Repeated execution of the following code cell therefore shows slightly different
samples each time. The number of samples is the same for each of the three classes.

.. code:: ipython3

    samples, labels = next(iter(loader))

    fig, ax = plt.subplots(1,1)
    for i in range(3):
        ax.scatter(
            *samples[labels==i][..., :2].t(),
            c=colors[i], label=class_names[i])
    ax.set_aspect('equal')
    ax.set_facecolor('gray')
    ax.set_xlim(0,1); ax.set_ylim(0,1)
    ax.set_xlabel("x"); ax.set_ylabel("y")
    _=ax.legend()

.. image:: _static/tutorial/yin_yang_itl_dataset.png
    :width: 90%
    :align: center
    :class: solution

.. admonition:: Further reading

    This dataset as well as some model proposes and benchmarks are presented in:

    - Kriener, L., Göltz, J., & Petrovici, M. A. (2021). The Yin-Yang dataset.
      arXiv preprint: `arXiv:2102.08211 <https://arxiv.org/abs/2102.08211>`__.

.. code:: ipython3

    def alpha_cmap(color):
        """
        Returns a colormap ranging from transparent to specified color
        """
        cmap = np.broadcast_to(mpl.colors.to_rgba(color), (256, 4)).copy()
        cmap[:, -1] = np.linspace(0, 1, 256)
        return mpl.colors.ListedColormap(cmap)

    def test_train_epoch(model: torch.nn.Module,
                         loader: torch.utils.data.DataLoader,
                         optimizer: torch.optim.Optimizer):
        """
        Test the model and train for a single epoch afterwards.
        :param model: The model
        :param loader: Data loader containing the train data set
        :param optimizer: Optimizer that handles the weight updates
        """
        # prepare test data (grid of equal spaced samples):
        gridsize = 16  # one dimension of the test grid
        x = y = torch.linspace(0, 1, gridsize)
        x, y = torch.meshgrid(x, y); x, y = x.flatten(), y.flatten()
        data_test = torch.tensor(list(zip(x, y, 1-x, 1-y)), requires_grad=True)
        data, target = next(iter(loader))
        data = torch.cat((data_test, data))  # prepend to train data
        # the actual training:
        model.train()
        optimizer.zero_grad()
        output = model(data)
        loss = F.cross_entropy(output[len(data_test):], target)
        loss.backward()
        optimizer.step()
        # get test data from output and reshape:
        with torch.no_grad():
            output_test = F.softmax(output[:len(data_test)], dim=-1)
        output_test = output_test.reshape(gridsize, gridsize, -1)
        return torch.transpose(output_test, 0, 1)

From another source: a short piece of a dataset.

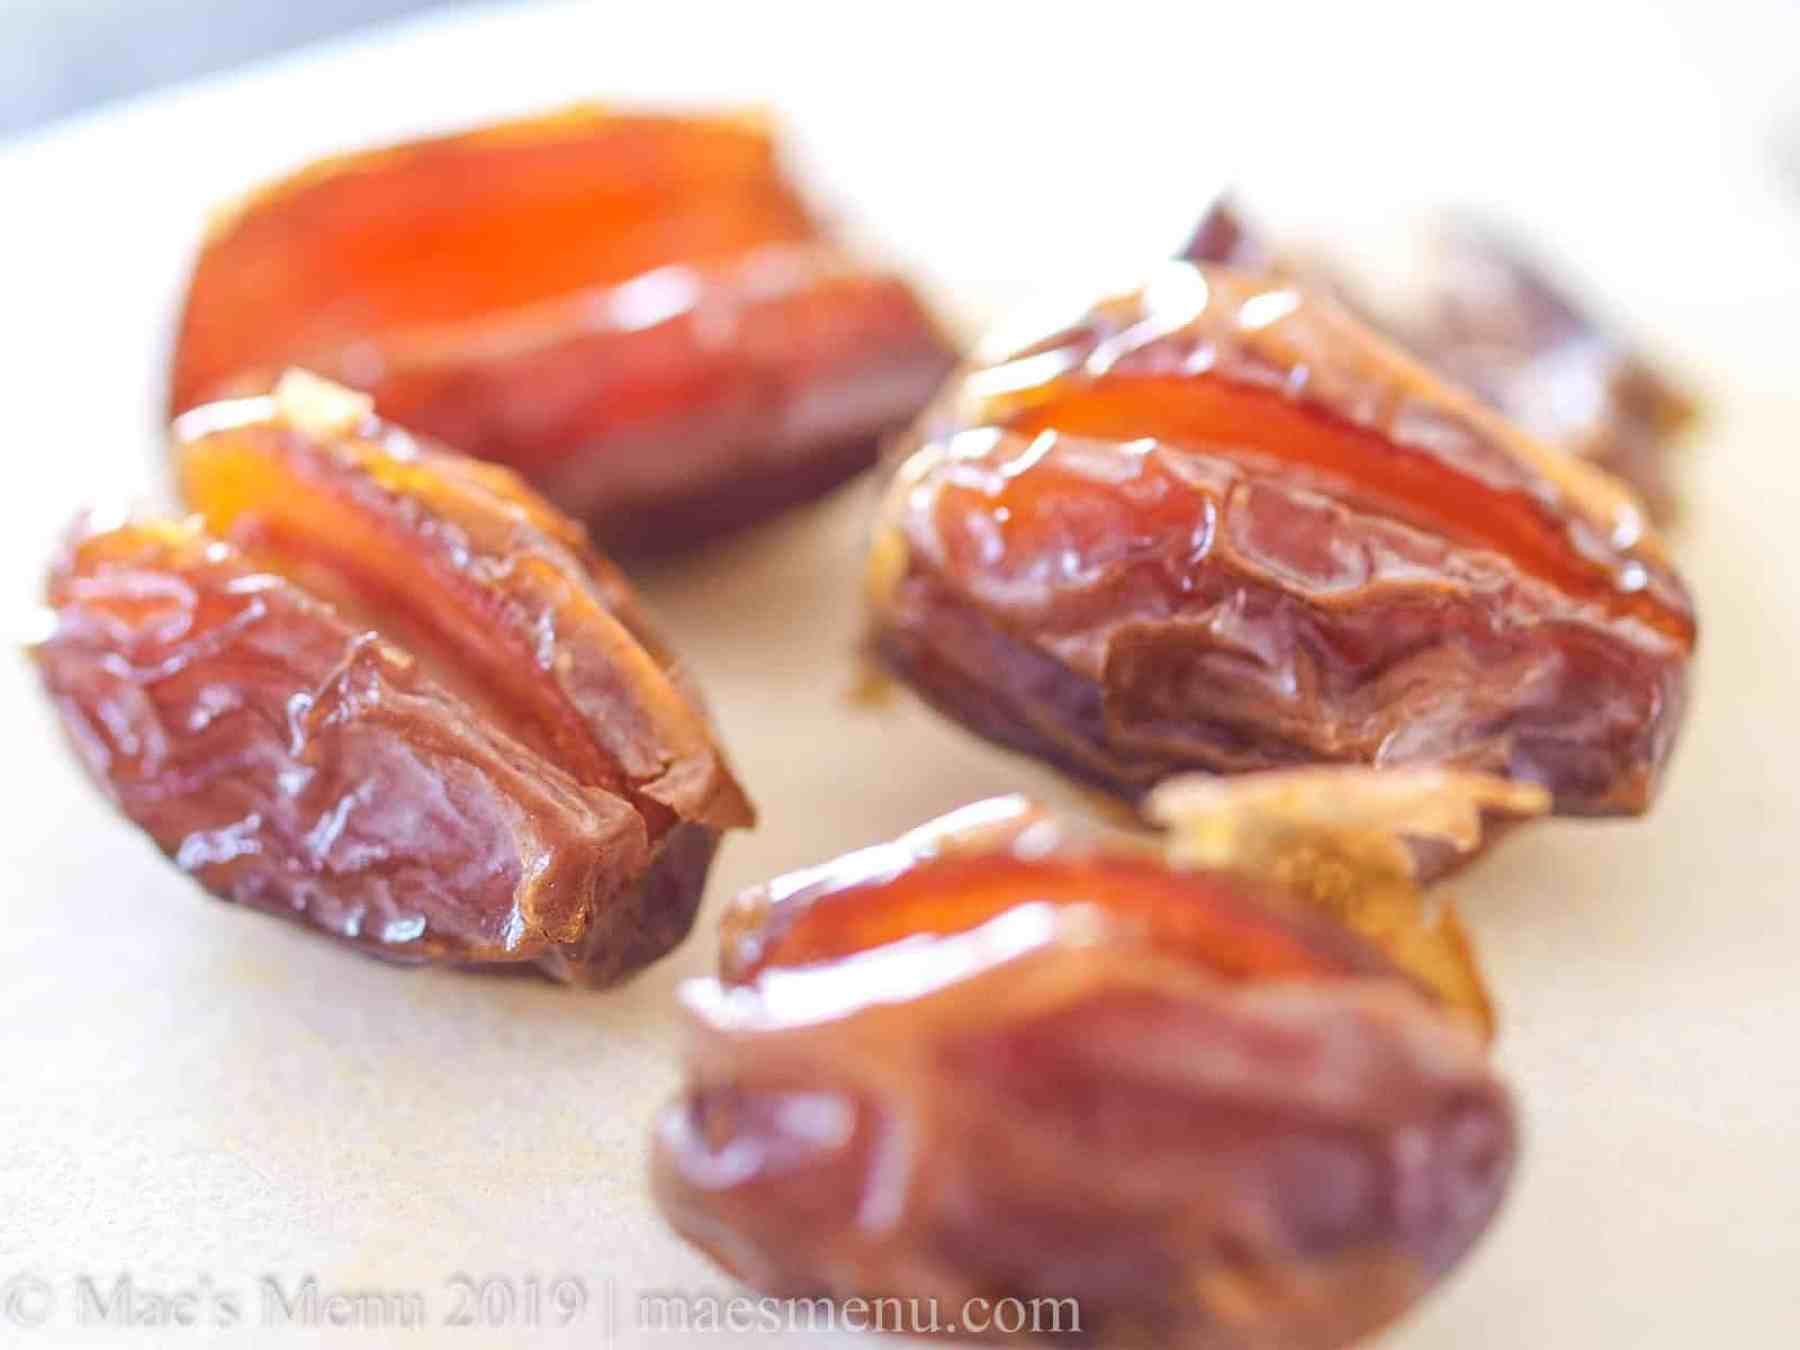 Up-close of medjool dates.
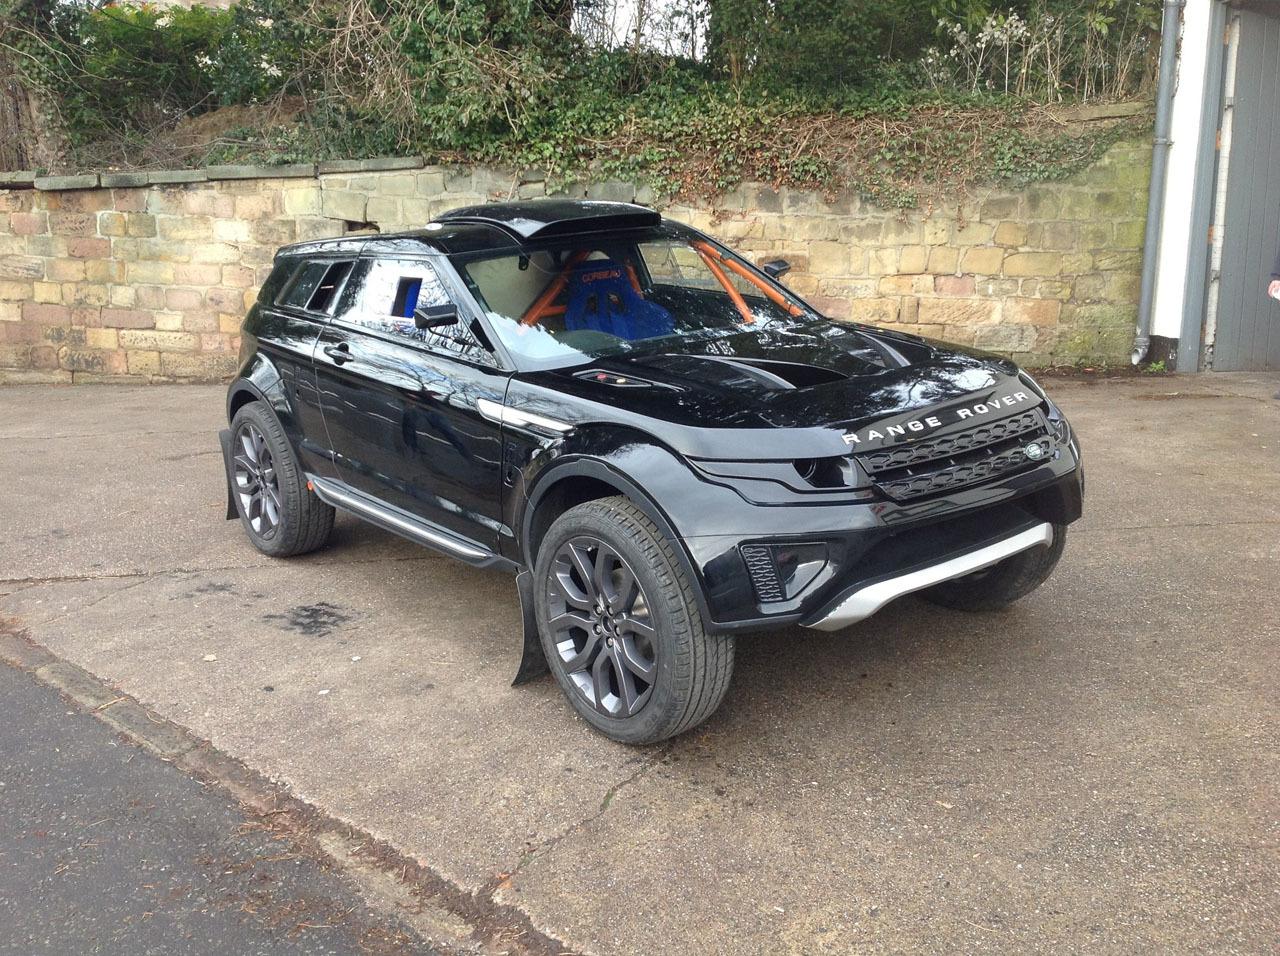 milner-lrm-1-la-range-rover-evoque-da-rally_0-100_1

    def train(model: torch.nn.Module,
              loader: torch.utils.data.DataLoader,
              scheduler: torch.optim.lr_scheduler._LRScheduler,
              num_epochs: int = 200):
        """
        Train the model while displaying the test results.
        :param model: The model
        :param loader: Data loader containing the train data set
        :param scheduler: Scheduler that handles the weight updates
        :param num_epochs: Number of epochs to train
        """
        fig = plt.figure()
        ax = plt.gca()
        ax.grid(False)
        ax.set_title("Epoch 0")
        imgs = []
        for i, c in enumerate(colors):
            imgs.append(plt.imshow(
                torch.zeros((1, 1)), vmin=0, vmax=1,
                extent=(0, 1, 0, 1), origin='lower',
                cmap=alpha_cmap(c)))
        plt.xlabel("$x$"); plt.ylabel("$y$")

        for _ in range(num_epochs + 1):
            test_out = test_train_epoch(model, loader, scheduler.optimizer)
            for i, img in enumerate(imgs):
                img.set_data(test_out[..., i])
            ax.set_title(f"Epoch {scheduler.last_epoch}")
            fig.canvas.draw()
            scheduler.step()
        wout = w.Output(layout=w.Layout(height="450px")); display(wout)
        plt.close(); wout.layout=w.Layout(height="0px")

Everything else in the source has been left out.